Мой папа-сапожник и дон Корлеоне (Варданян) - страница 51

– Цех открою.

– Трудно.

– Кто говорит, что легко?

– Милиция, ОБХСС, председатель колхоза.

– А он при чем?

– Ты же расширяться будешь. А значит, людей набирать будешь, а значит, с полей заберешь. Если платить будешь чуть больше, чем крестьянам за трудодни дают, люди к тебе валом повалят. Председатель рассердится.

– Послушай, но я же не собираюсь строить обувную фабрику.

– Кто знает?

– Мне нужно всего лишь несколько обученных обувному делу человек.

– Чем больше, тем лучше.

– И место.

– Само собой.

– А место у меня есть.

– Сарай?

– Сарай.

Сарай был камнем преткновения, а вернее приграничной недвижимостью. Он был распростерт по обеим сторонам небольшого оврага, сначала как мост между соседями, а затем, после того как соседи стали враждовать, блокпостом. По сути это являлось общей собственностью, но она нигде не значилась. Мост, заваленный хламом, или сарай на пустом месте, или овраг с выросшей над ним пирамидой камней.

– Бери и мою половину, – великодушно позволил Карапет.

Отец, наученный прочитанными страницами о крестном отце, промолчал. Кто много говорит, тот не глубоко думает.

– Бери. Тебе это не будет стоить ничего, – настаивал сосед.

– Так не бывает.

– Хачик, только не подумай, что я думаю о корысти. Я не думаю. Я вообще ни о чем не думаю.

– Это плохо, дорогой.

Отец задумчиво посмотрел на соседа.

– У тебя наследник, думай о будущем, – сказал он. Сказал и пошел к маме.

Карапет остался стоять и думать, что означали слова соседа. Это была угроза, совет или просто дежурные фразы?

Думай о будущем…

Вся деревня говорила о странностях в поведении Хачика Бовяна. И люди были правы. Говорили, у Бовяна завелись деньги, и тут не соврали. Он купил кожи, сапожные машины, люди? Люди сказали, что Бовян Хачик задумал осуществить переворот в жизни своей семьи. И Карапет верил этому.
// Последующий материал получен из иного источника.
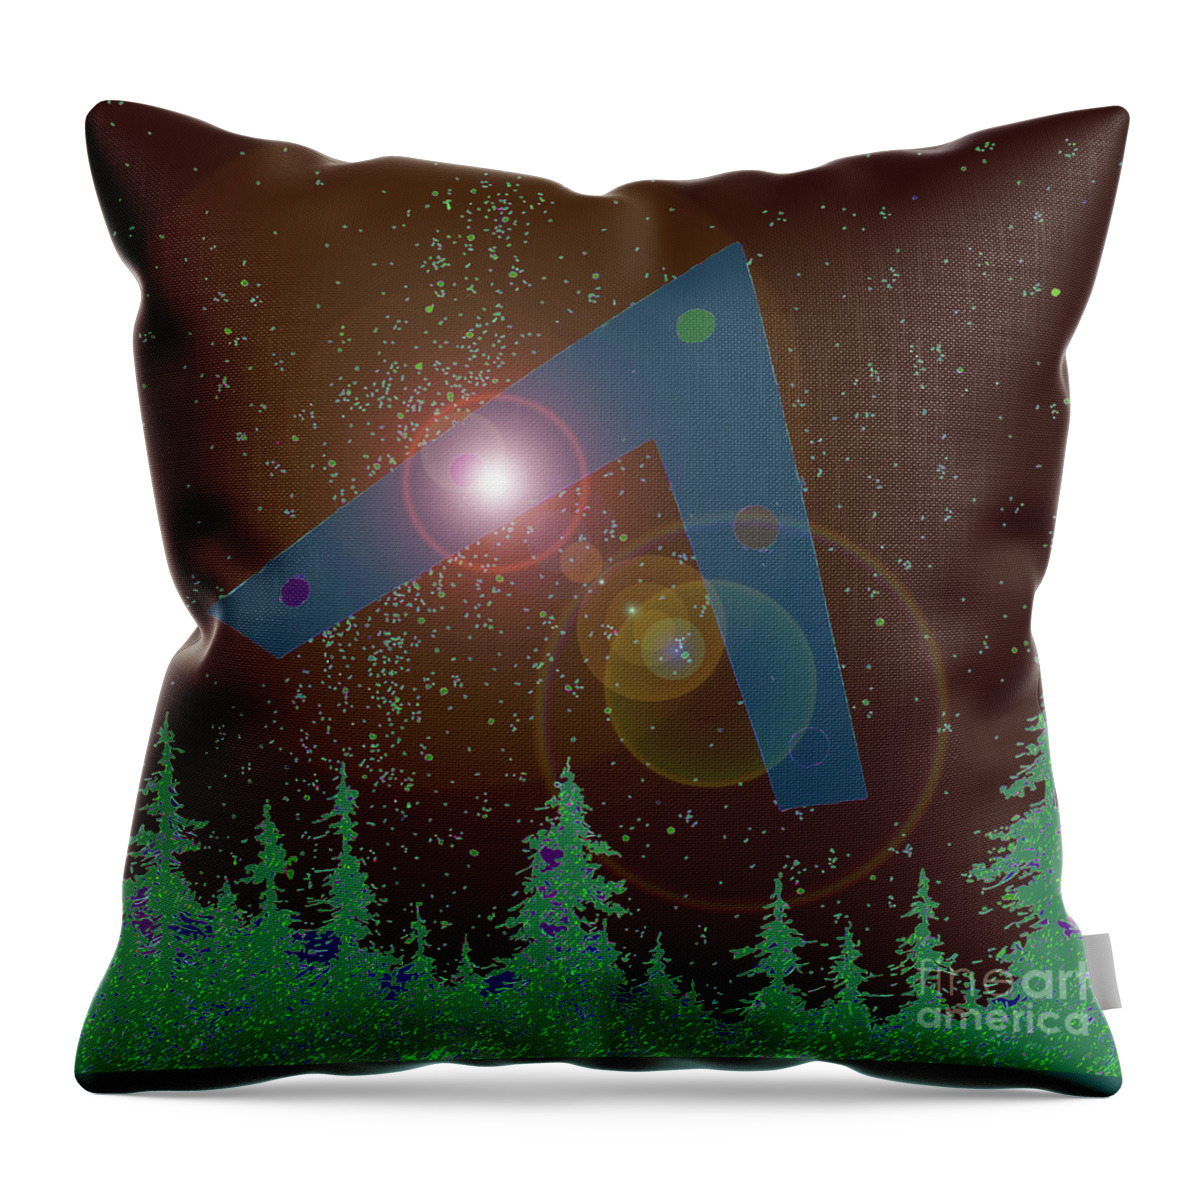 Phoenix Lights Ufo Throw Pillow featuring the painting Phoenix Lights UFO by James Williamson
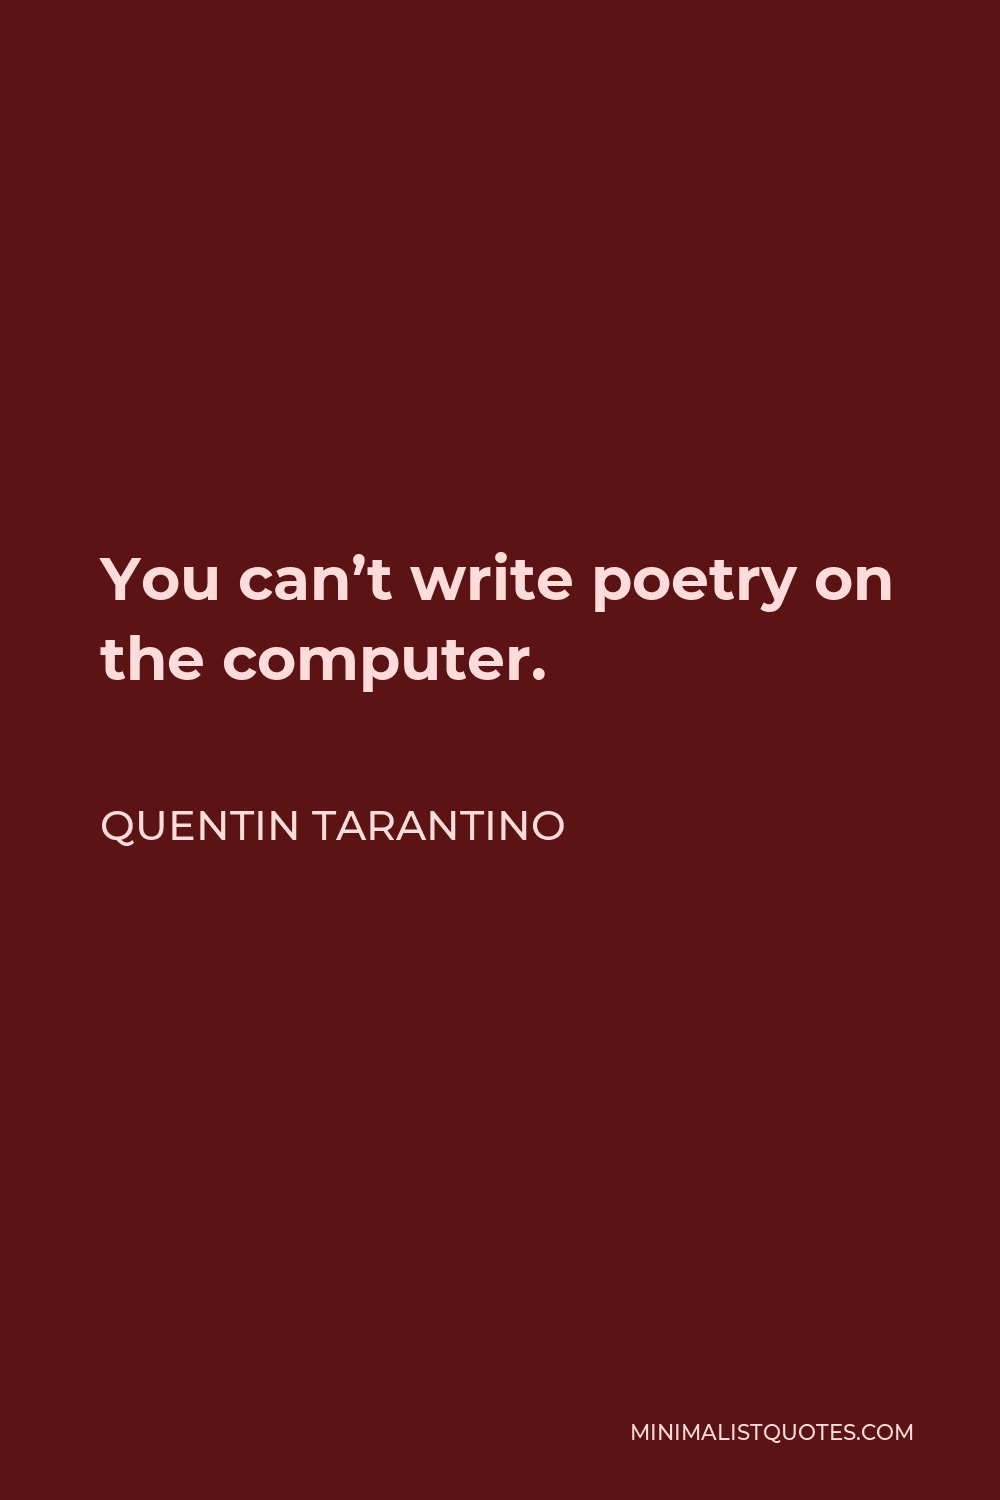 Quentin Tarantino Quote - You can’t write poetry on the computer.

Вообще, когда у нас в народе ходят слухи, нужно покориться им. Мы – немногочисленный, но очень любопытный народ. Мы принимаем все очень близко к сердцу. Своей мы ощущаем не только боль земляка, своей мы ощущаем также и его радость, его семейные перипетии и его долги. Это наше дело, когда Гаго не может отдать Сако вовремя деньги. Это наше дело, когда у сослуживца дальнего родственника появляется любовница. Здоровье знакомых нас тоже очень волнует. Когда настоящий армянин узнает, чем лечат его соседа, он немедленно подозревает заговор врачей. Он тут же вспоминает, что отец сестры жены его крестного служит в какой-то больнице по хозяйственной части. И нужно обратиться к нему за помощью. И вот уже несчастного поднимают с одной больничной койки и за большие деньги перевозят в другой госпиталь. Там оказывается, что профиль данного лечебного учреждения совершенно не соответствует заболеванию, но тайфун ведь остановить невозможно. Чтобы не ударить лицом в мерзкую грязь невыполненных обещаний, доброхот платит свои деньги, чтобы его «лучшему другу», «самому близкому человеку на свете», «парню, равных которому еще не рождала армянская земля», чтобы этому человеку оказали почет, уход и самое лучшее лечение. Очень скоро оказывается, что стоит все это немало, и сосед начинает соседа ненавидеть. Но, слава Богу, все как-то очень быстро приходит в норму – подшефный либо быстро излечивается, либо в одночасье умирает, очевидно, от интенсивности терапии.